Маша засмеялась и с ехидной улыбкой проговорила:
– Хоть бы одним глазком глянуть, как это лесничева
дочка будя у нашей печки с ухватом управляться.
– Што? – Роман Емельяныч шлепнул кулаком по столу так,
што все на столе подпрыгнуло, а несколько рюмок упало. – Не дай Бог, шалавы,
не только словом – взглядом сноху обидеть. Вышвырну из дома, как блудливых
кошек. Забудете, што у вас отец есть. Ягодка без материнской ласки выросла,
а вы тут… еще.
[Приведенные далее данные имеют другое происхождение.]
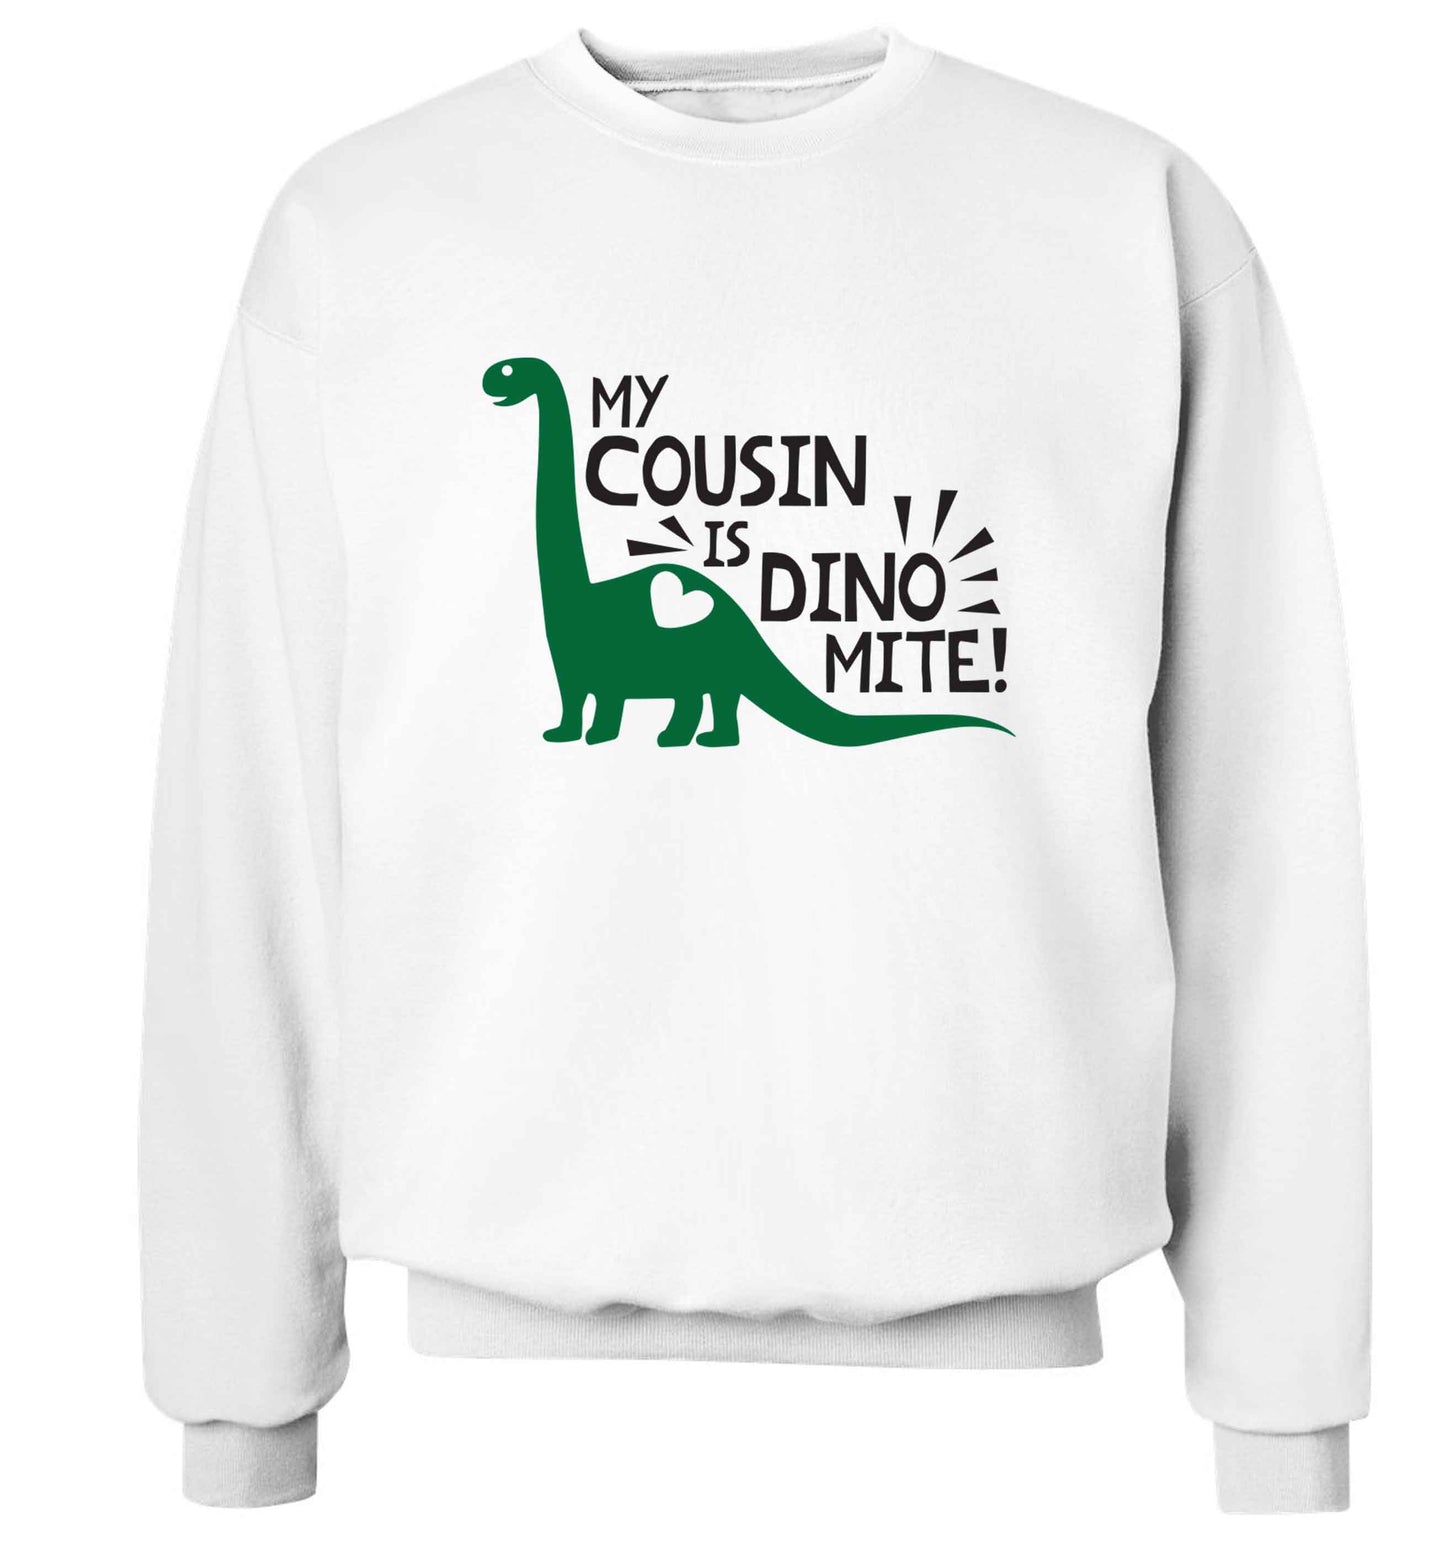 My cousin is dinomite! Adult's unisex white Sweater 2XL

Убью сразу!
Маша, вся красная, со слезами на глазах, запричитала:
– Прости, папаша! Пошутила я. Пошутила!
– Шутковать со своим недоумком ночью под одеялом
будешь. А здеся… смотри у меня.
Старшая дочь Паша, приехавшая с мужем на праздник,
приняла сторону отца.
– Вы, сестры, поумней будьте. Папаша прав. Ни горы, ни
воза, а вы тута умничать начинаете.
– Ладноть, Паш! Хватит болтать! Их уже не переделать.
Поздно! Давайте-ка лутше выпьем.
Раздался стук в дверь, и вошел сосед Иван Трофимыч.
Хозяин радостно всплеснул руками и поднялся из-за стола.
– Вовремя, вовремя, соседушка! Не обидь, давай к столу.
По рюмке в честь великого праздника выпьем.
– Ну, в честь такова случая можноть рюмочку пропустить.
Иван Трофимыч разделся и присел к столу.
– Мы тута голову ломам, Трофимыч. Народу-то сколь, на
сотню рассчитывам.
– Ничево, Емельяныч! Сам знашь – глаза страшат, а руки
делут. Готовить – суседи помогут. Калабушкины, Савиновы, Грошевы, Большаковы
– тож не откажут. Чай, Никита-то Афанасьич сват. Бабье само решит, што кому
готовить. Степанида моя в стороне тож не будя. Гости опосля гулянки – ближни
домой разойдутся, а дальним у суседей место сыщется. Нащет молодых – тож не
переживайте. Степанида сказала, к нам амбар пусть приходют. Тама чисто,
печка есть и кровать стоит. Я, грешным делом, в жару летом опосля обеда
люблю в холодке часок всхрапнуть. Чай, не сломаюсь.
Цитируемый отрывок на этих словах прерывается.